**TASK ITEM**
Only the pictures are to be left out; please reproduce everything else in the data exactly.

**DATASET EXTRACT**
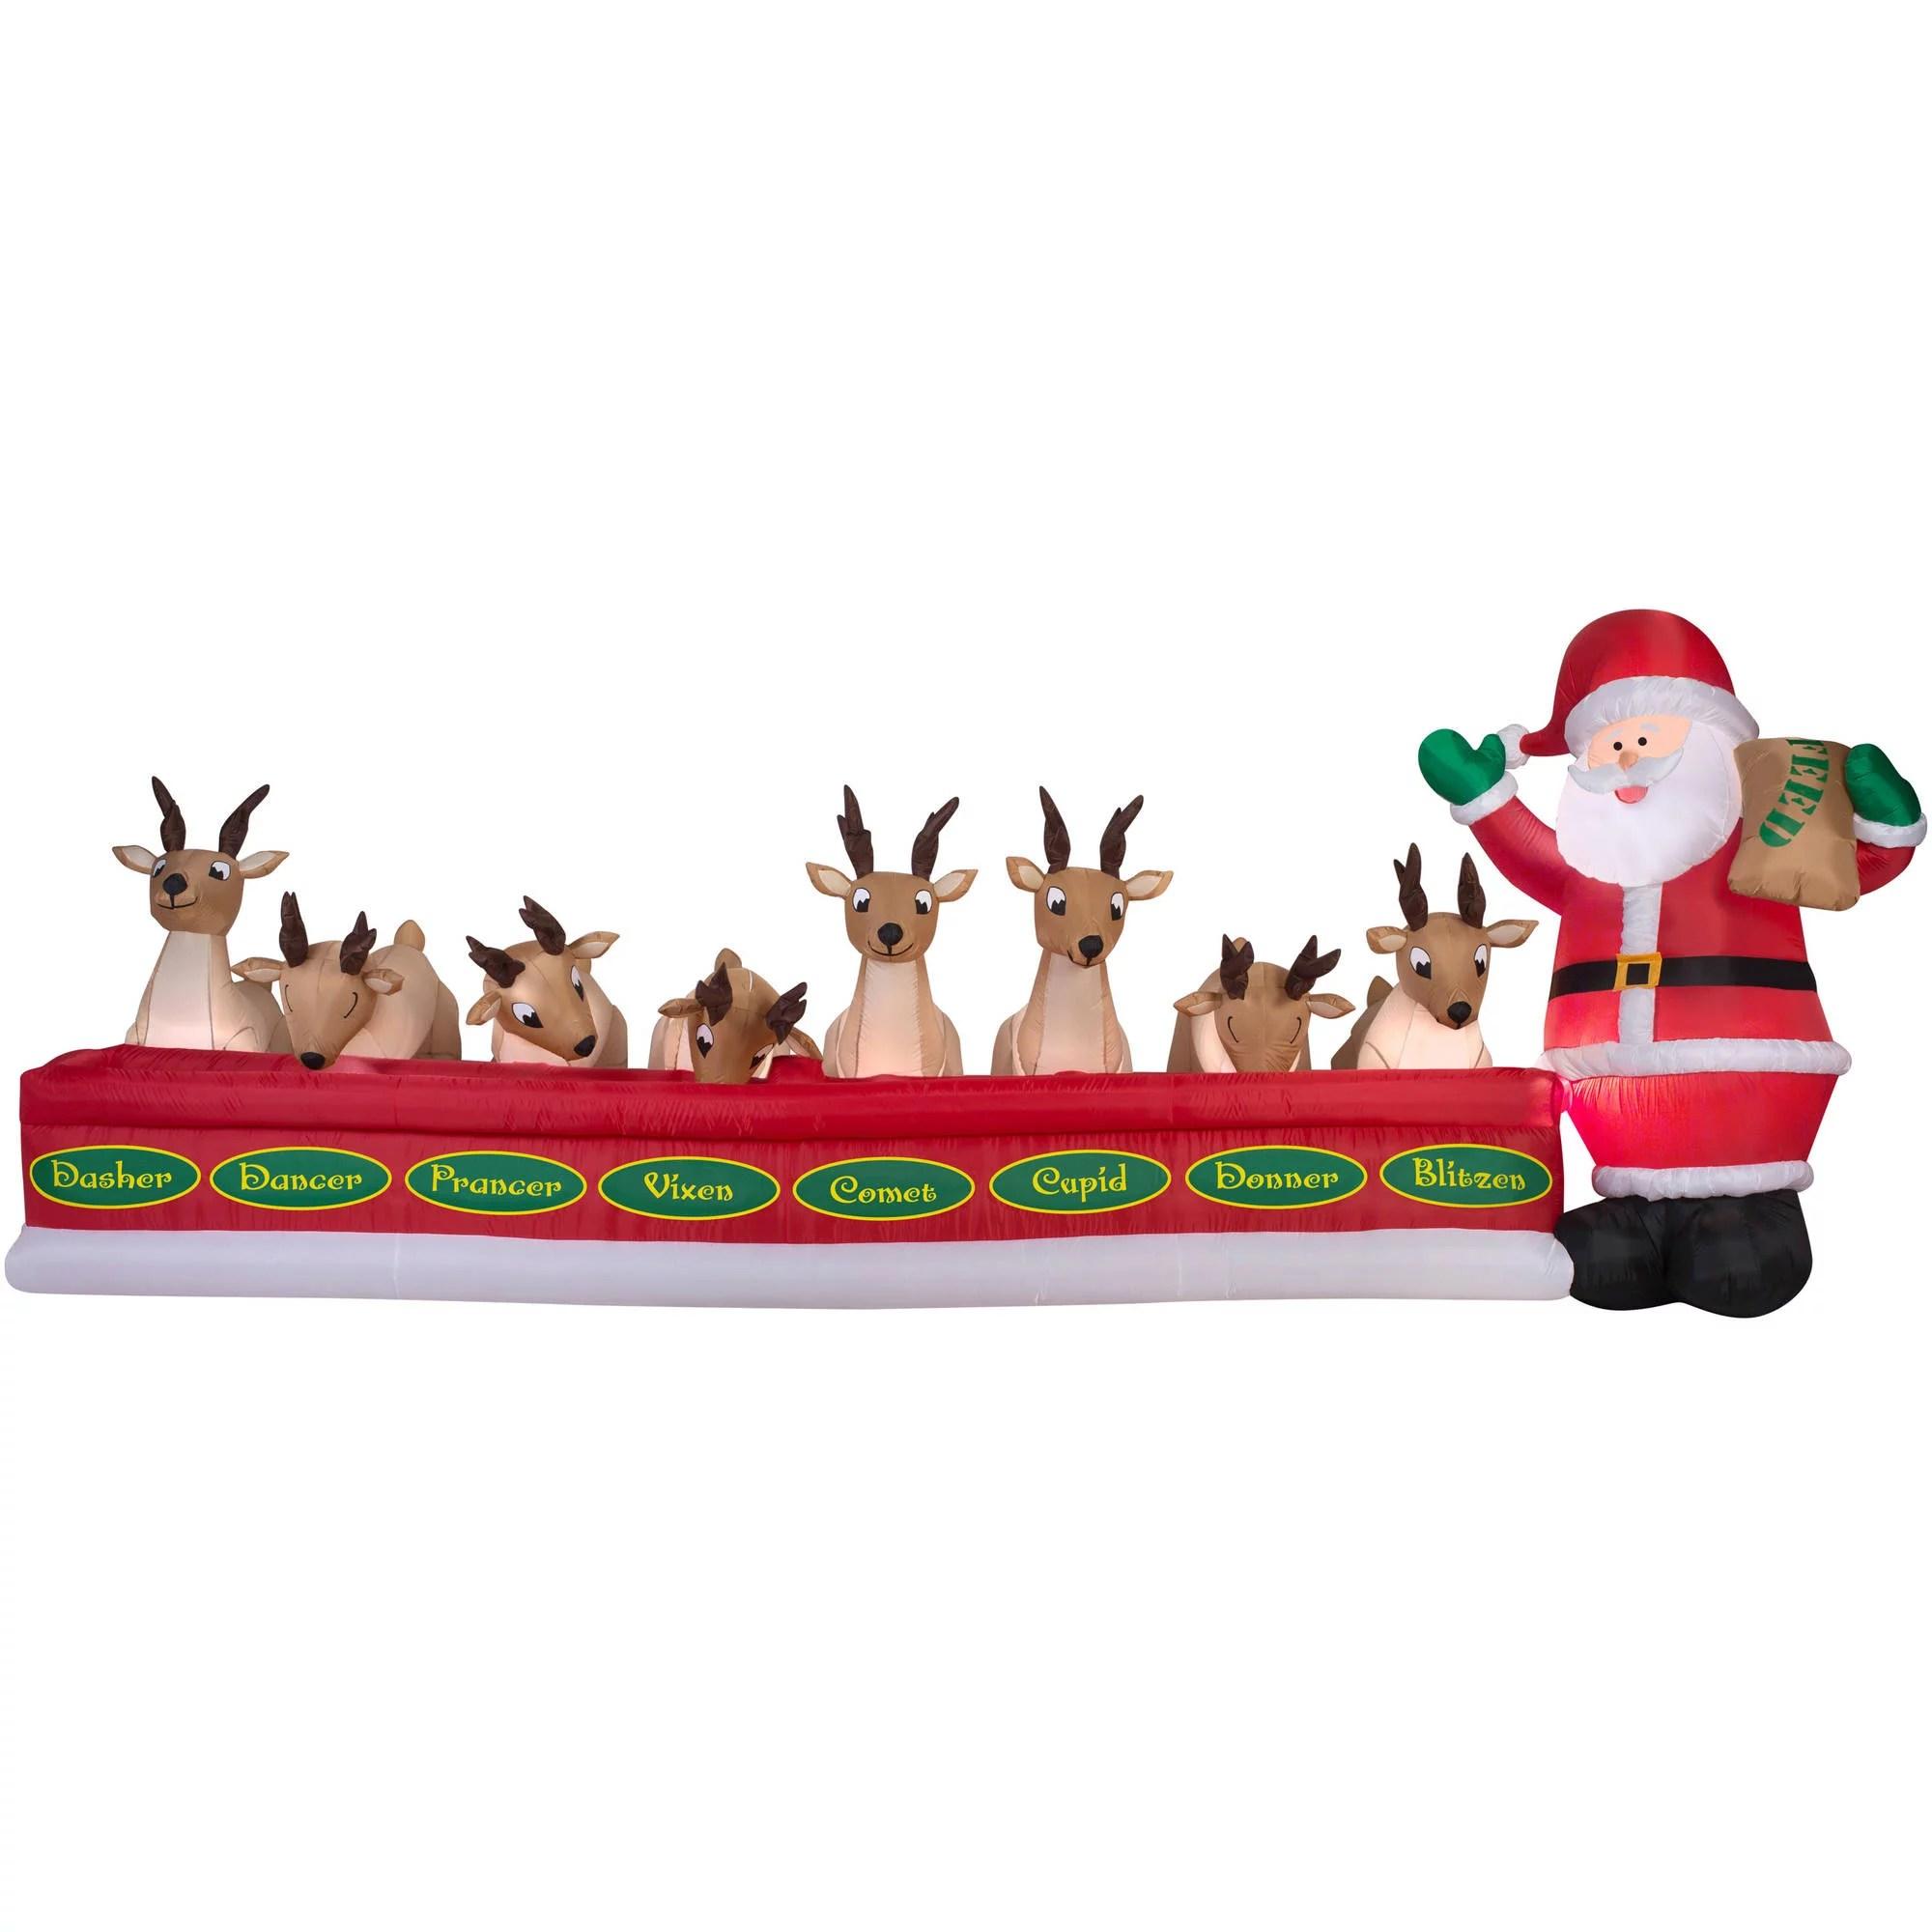 Airblown Inflatables Animated Santa Feeding Reindeer 16 5
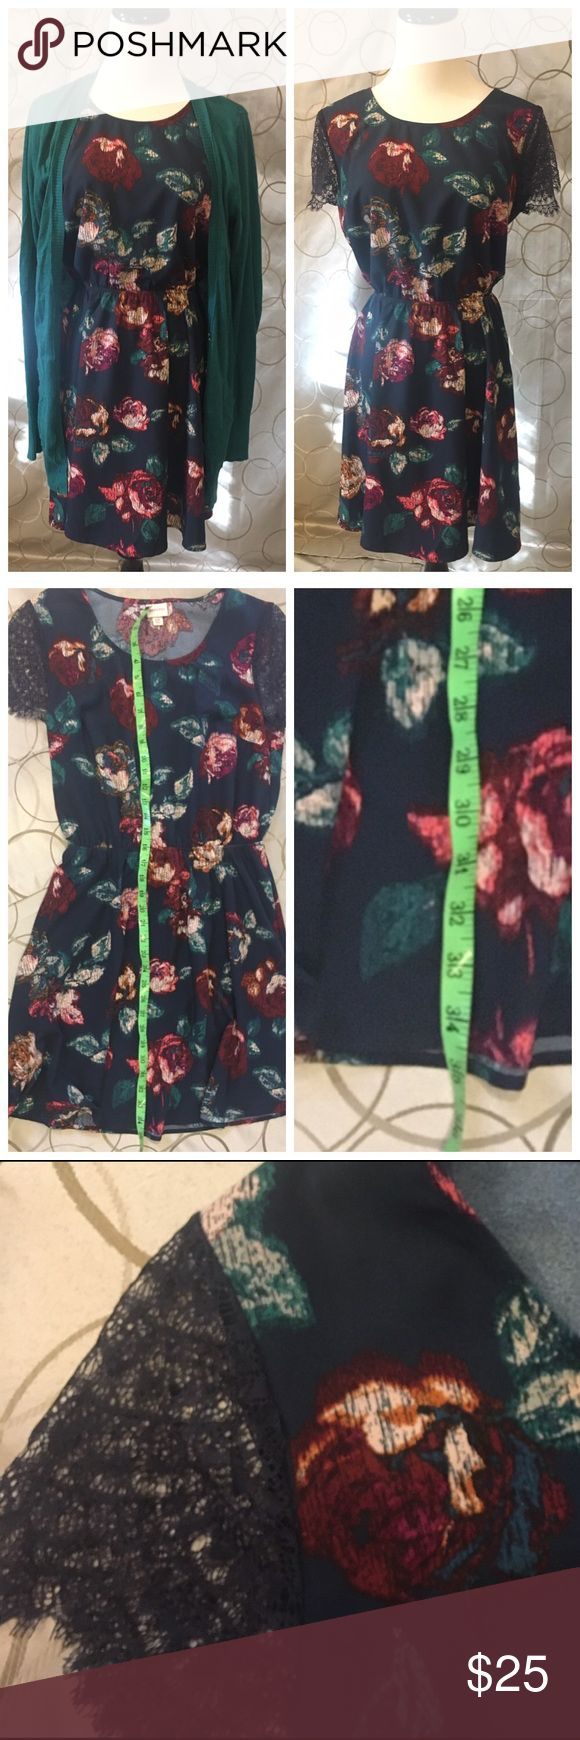 Navy floral dress and matching long green sweater. Navy floral dress and matching long green sweater. By Merona. Merona Dresses Mini
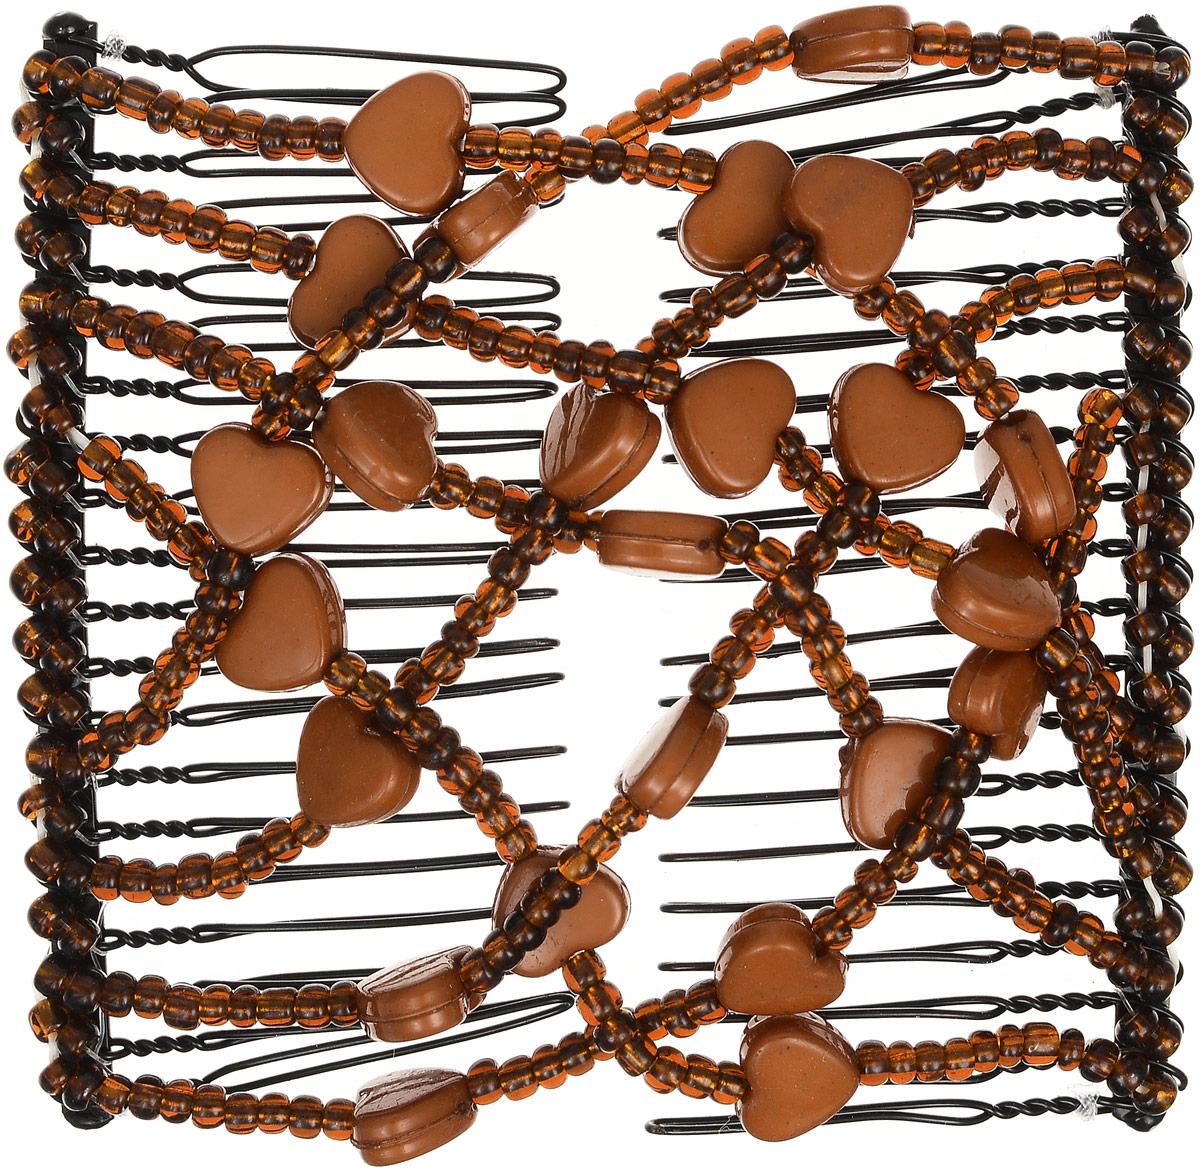 EZ-Combs Заколка Изи-Комбс, одинарная, цвет: коричневый. ЗИО_сердечки
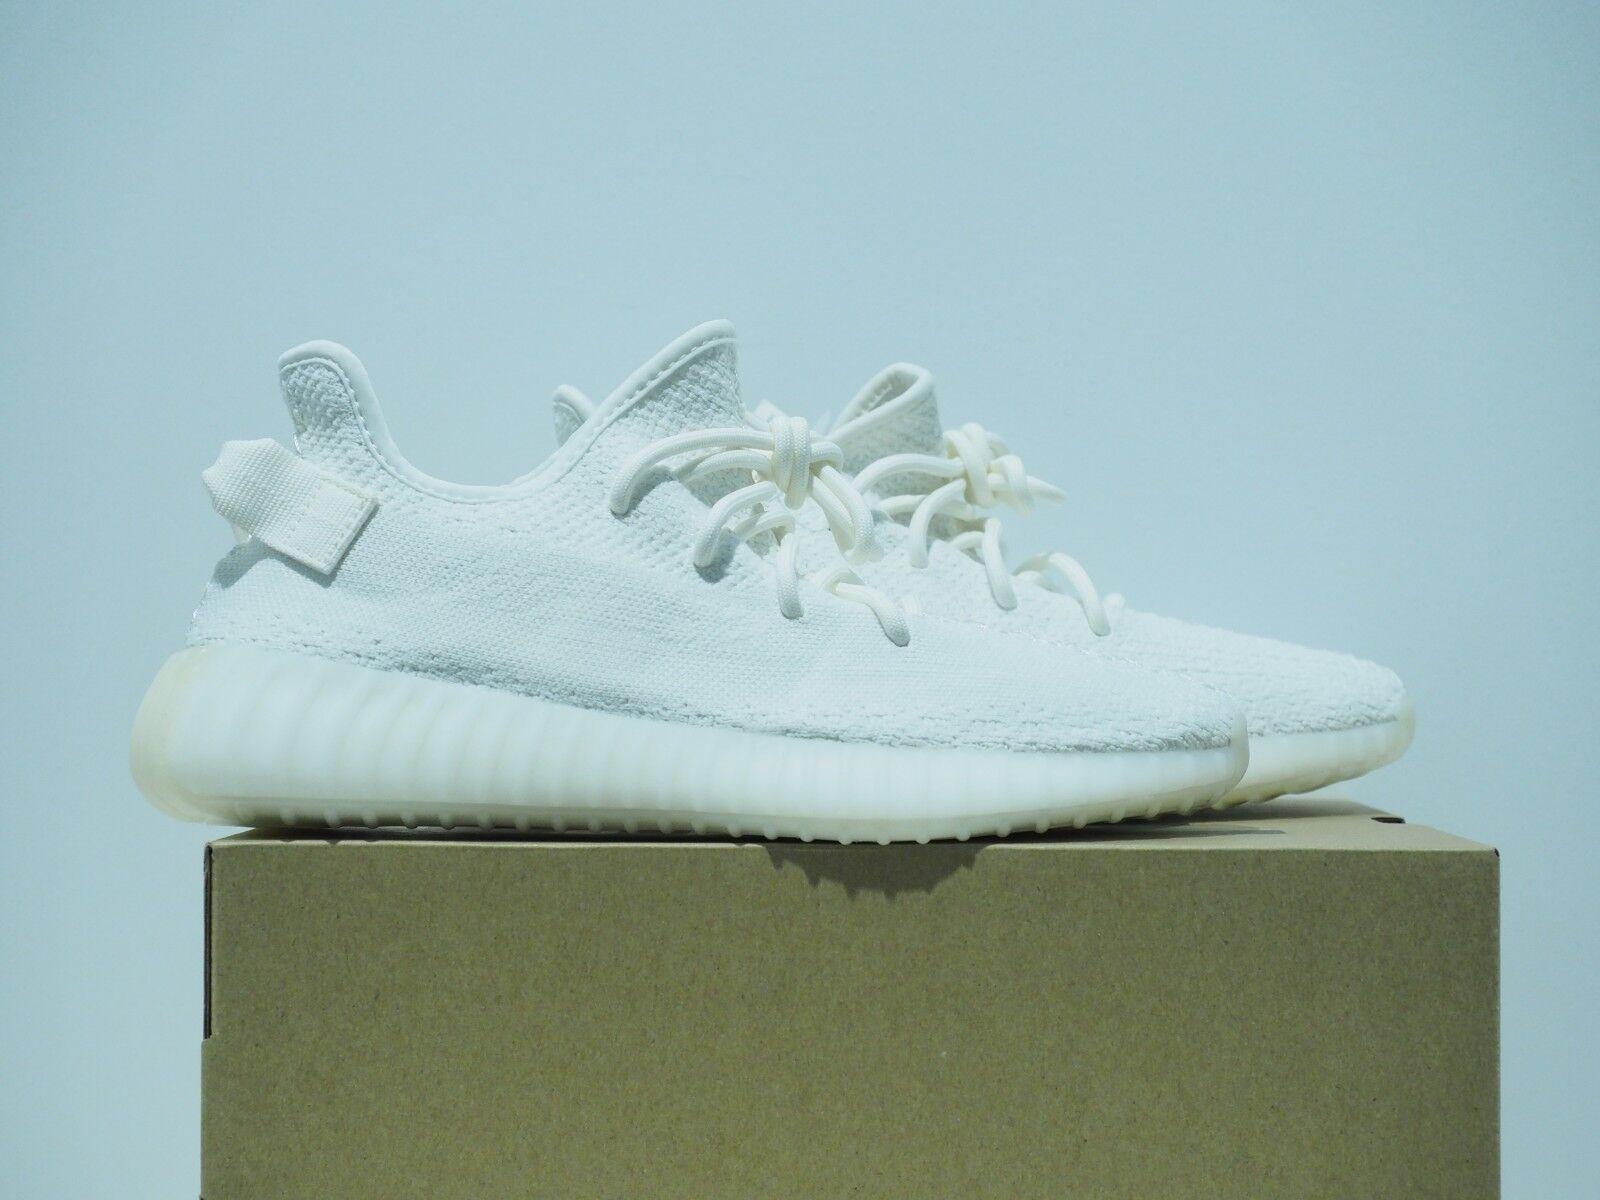 Adidas Yeezy Boost 350 V2 Cream Triple White CP9366 Size 9.5

**FINISHED EXERCISE**
 Airblown Inflatables Animated Santa Feeding Reindeer 16 5
 Navy floral dress and matching long green sweater. Navy floral dress and matching long green sweater. By Merona. Merona Dresses Mini
 EZ-Combs Заколка Изи-Комбс, одинарная, цвет: коричневый. ЗИО_сердечки
 Adidas Yeezy Boost 350 V2 Cream Triple White CP9366 Size 9.5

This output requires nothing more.